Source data
________________

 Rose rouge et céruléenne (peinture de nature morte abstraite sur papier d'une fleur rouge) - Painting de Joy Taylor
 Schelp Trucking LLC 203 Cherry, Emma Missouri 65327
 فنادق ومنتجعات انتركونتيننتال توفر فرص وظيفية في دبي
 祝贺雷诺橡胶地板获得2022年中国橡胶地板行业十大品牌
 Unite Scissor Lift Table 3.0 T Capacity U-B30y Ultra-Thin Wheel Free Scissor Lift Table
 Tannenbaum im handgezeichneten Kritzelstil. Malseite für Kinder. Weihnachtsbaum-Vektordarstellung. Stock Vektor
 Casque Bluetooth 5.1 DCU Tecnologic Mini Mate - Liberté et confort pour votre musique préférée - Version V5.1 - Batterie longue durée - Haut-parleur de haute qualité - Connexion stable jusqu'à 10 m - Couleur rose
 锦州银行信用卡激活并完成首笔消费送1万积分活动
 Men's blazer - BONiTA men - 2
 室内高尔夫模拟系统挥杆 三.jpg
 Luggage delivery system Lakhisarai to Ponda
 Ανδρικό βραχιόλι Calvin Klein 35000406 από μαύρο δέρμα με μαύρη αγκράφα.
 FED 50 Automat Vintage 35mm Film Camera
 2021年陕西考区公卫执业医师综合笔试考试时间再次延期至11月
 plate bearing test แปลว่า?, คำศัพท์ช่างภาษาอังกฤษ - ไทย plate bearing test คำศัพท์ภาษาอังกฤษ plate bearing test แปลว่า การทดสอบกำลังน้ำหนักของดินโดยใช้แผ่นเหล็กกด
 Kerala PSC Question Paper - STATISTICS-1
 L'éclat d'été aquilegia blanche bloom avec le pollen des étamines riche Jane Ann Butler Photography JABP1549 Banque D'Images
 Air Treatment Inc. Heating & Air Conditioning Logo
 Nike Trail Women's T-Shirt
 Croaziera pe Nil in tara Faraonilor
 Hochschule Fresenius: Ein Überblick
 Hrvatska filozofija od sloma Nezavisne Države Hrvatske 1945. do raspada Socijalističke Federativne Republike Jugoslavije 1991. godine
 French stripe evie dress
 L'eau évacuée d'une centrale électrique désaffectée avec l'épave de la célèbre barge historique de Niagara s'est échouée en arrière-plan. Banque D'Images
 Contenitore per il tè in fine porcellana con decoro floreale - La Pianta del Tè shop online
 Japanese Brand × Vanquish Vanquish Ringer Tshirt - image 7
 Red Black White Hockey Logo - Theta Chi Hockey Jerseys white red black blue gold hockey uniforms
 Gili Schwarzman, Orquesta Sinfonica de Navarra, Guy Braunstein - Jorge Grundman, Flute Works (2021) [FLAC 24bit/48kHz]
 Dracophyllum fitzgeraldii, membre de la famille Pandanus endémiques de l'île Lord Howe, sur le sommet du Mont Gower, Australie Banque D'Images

________________

- _WORK ORDER_
In the entries above, copy each line that contains the string "Logo".

- _YOUR SOLUTION_
 Air Treatment Inc. Heating & Air Conditioning Logo
 Red Black White Hockey Logo - Theta Chi Hockey Jerseys white red black blue gold hockey uniforms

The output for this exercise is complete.